Он просит прикурить, и не одна, а сразу несколько зажигалок тянутся к нему со щелканьем, испуская невидимые язычки пламени. Прикурив, он окутывается дымом, вежливо благодарит и представляется:
— Кто я такой? Вы знаете? Ну, кем я вам показался с первого взгляда? Старым гоем, верно? Я не отрицаю. Я — не еврей. Я — гой. Но такой гой, как я, стоит иного еврея.
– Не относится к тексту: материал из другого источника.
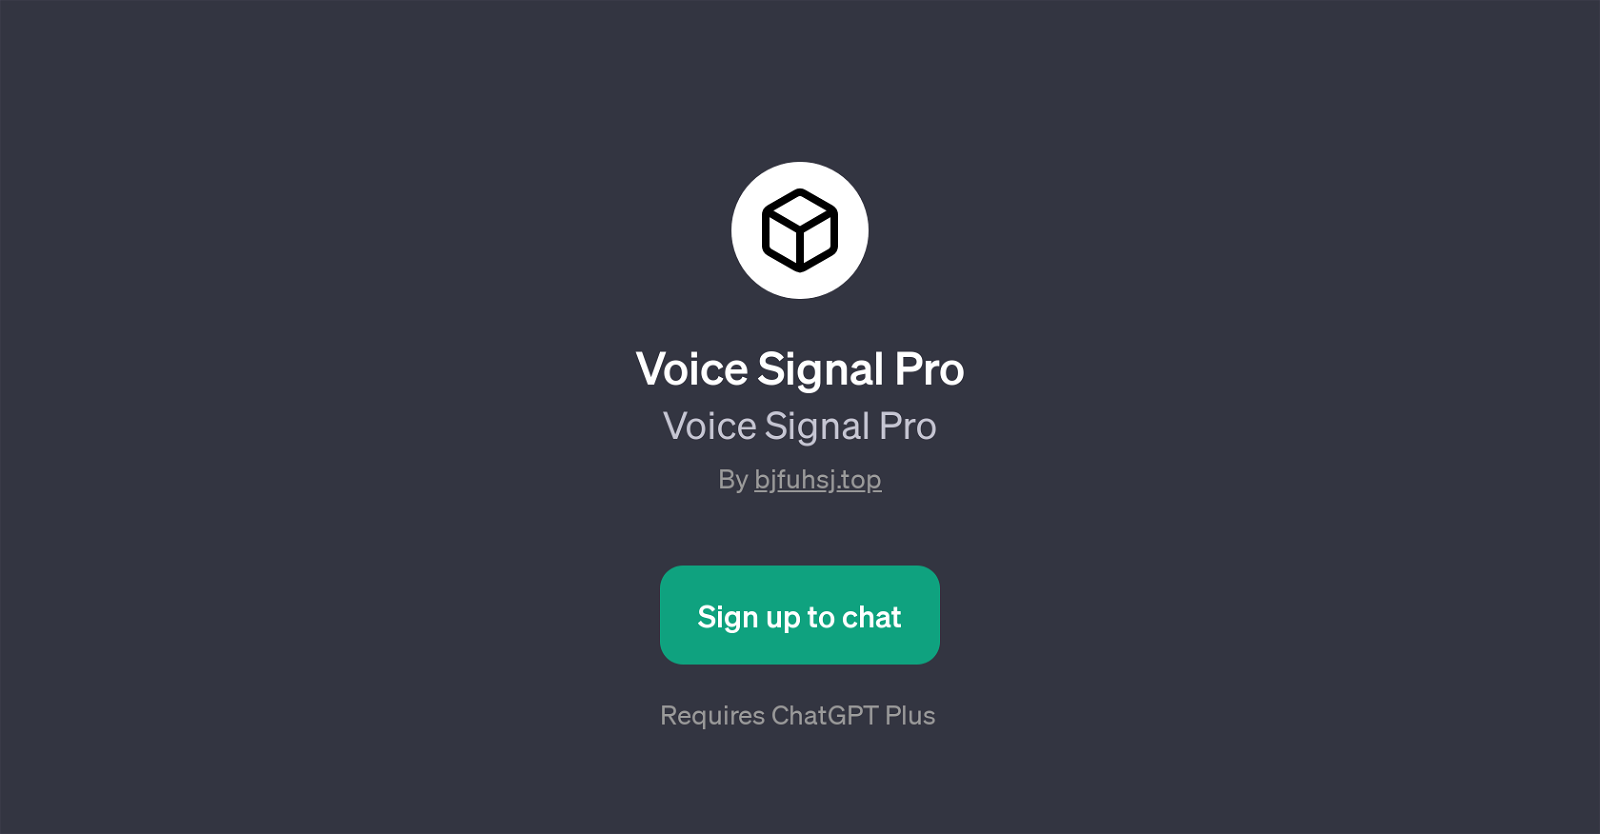 Voice Signal Pro website
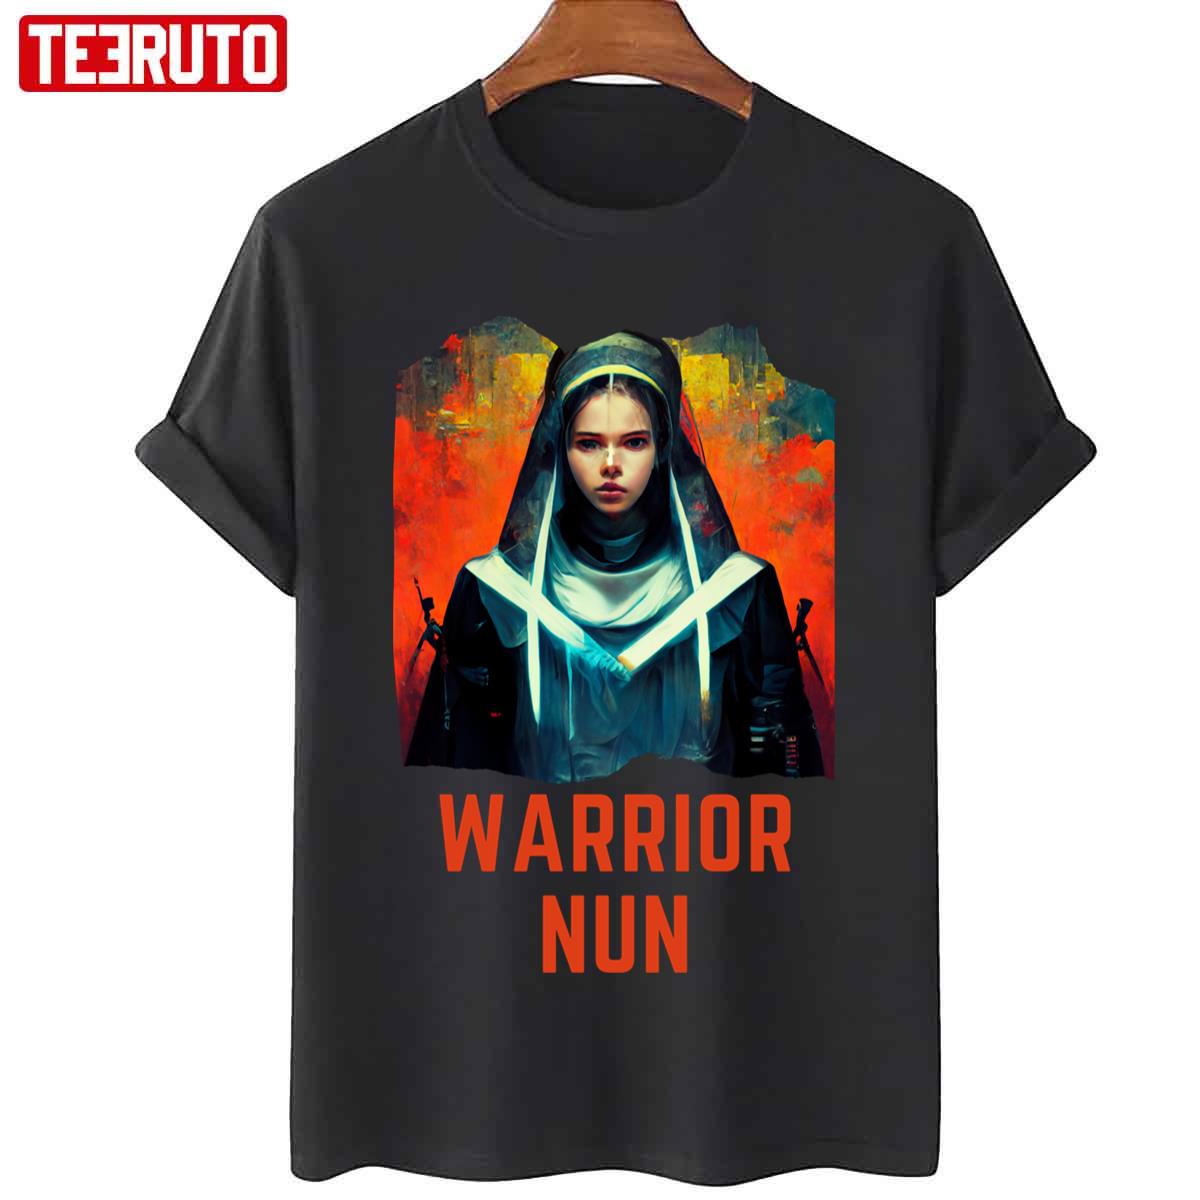 Colored Art Of Warrior Nun Netflix Unisex Sweatshirt

Вы видите вон то дерево? Слева, третье с краю. Это мое дерево. Не я его посадил. Его посадили в мою честь. Напрягите зрение… прочтите имя праведника под этим деревом… Зенон… и фамилию читайте. Да, да. Меня зовут Зенон. Это я из Польши. А следовательно, я-праведник. Когда фашистские людоеды, эти нелюди, эти варвары, убивали всех евреев подряд, я… простой поляк… христиански поставил свою голову на кон…
Он говорил хрипло и громко, не совсем послушным от выпитой водки языком, а панамку так и не натягивал на голову, а держал в руке книзу донышком, и туристы, без понуканий с его стороны и не дожидаясь просьб, смущенно клали, засовывали в панамку мятые израильские лиры и зеленые американские доллары. Мелочь никогда не клали, только бумажные банкноты. Чтоб не унизить героя, вступившегося за евреев, не обесценить его подвиг.
Когда из музея выходила на Аллею праведников смущенная и подавленная стайка туристов с нееврейскими физиономиями, Зенон встречал их другим приветствием:
— Здравствуйте, братья во Христе! Я такой же, как вы, не еврей, но живу в Израиле среди евреев. Замаливая наш общий с вами грех.
Вы своими глазами видели, что сделали нацисты в годы войны с евреями. Где они убивали младенцев и беспомощных стариков? В пустыне? В космосе? Нет! В густонаселенной Европе. На наших с вами глазах. На наших черствых и равнодушных глазах.
Посчитайте, сколько здесь растет деревьев! Ну, триста! Ну, пятьсот! От силы! На весь христианский мир нашлось всего триста или пятьсот чистых душ, праведников, рискнувших своей жизнью ради чужой. А остальные? Миллионы… Сотни миллионов видели и делали вид, что не видят. Позор нам!
В мою честь благодарные евреи посадили дерево в этой аллее. Назвали меня праведником. Вон мое дерево. Отсюда видно.
А вы кто? Снимите шляпы с голов! Пусть солнце святой земли жжет ваши головы, склоненные перед этими деревьями. Воздайте должное редким, праведным душам. И мне!
Он протягивал свою панамку, и христиане-туристы, чтоб поскорей отвязаться от него, откупались деньгами в разной валюте.
Лишь когда из пещерной прохлады музея выводили на зной очередную делегацию, Зенон покидал Аллею праведников, не дожидаясь, пока полицейские кивками попросят его убраться подобру-поздорову.
Его знали полицейские, знали служащие музея. Его пропеченное, в морщинах лицо с проваленным ртом уехало в разные концы земли — туристы любили фотографировать Зенона возле его дерева. За такую позу у него была такса-два доллара.
Иногда, когда ручеек туристов и экскурсий иссякал и арабы-рабочие с мотыгами рыхлили иссохшую землю вокруг деревьев и поливали из длинного шланга, Зенон отбирал у них шланг и свое дерево поливал сам, рукавом очистив потом керамическую табличку со своим именем от налипших комочков грязи.
В годы войны в деревне под Люблином совсем еще молоденький Зенон спрятал без ведома своих родных еврейскую семью в сарае, на сеновале. Носил им еду и питье. Дрожал от страха, когда чужие приближались к сараю, и не взял с евреев ни копейки. Потому что Зенон был влюблен в девицу из этой семьи по имени Хайка. После войны Зенон и Хайка поженились, поселились в Варшаве. У них родился сын Яцек. Зенон стал коммунистом и сделал карьеру. О его мужественном поступке писали в газетах.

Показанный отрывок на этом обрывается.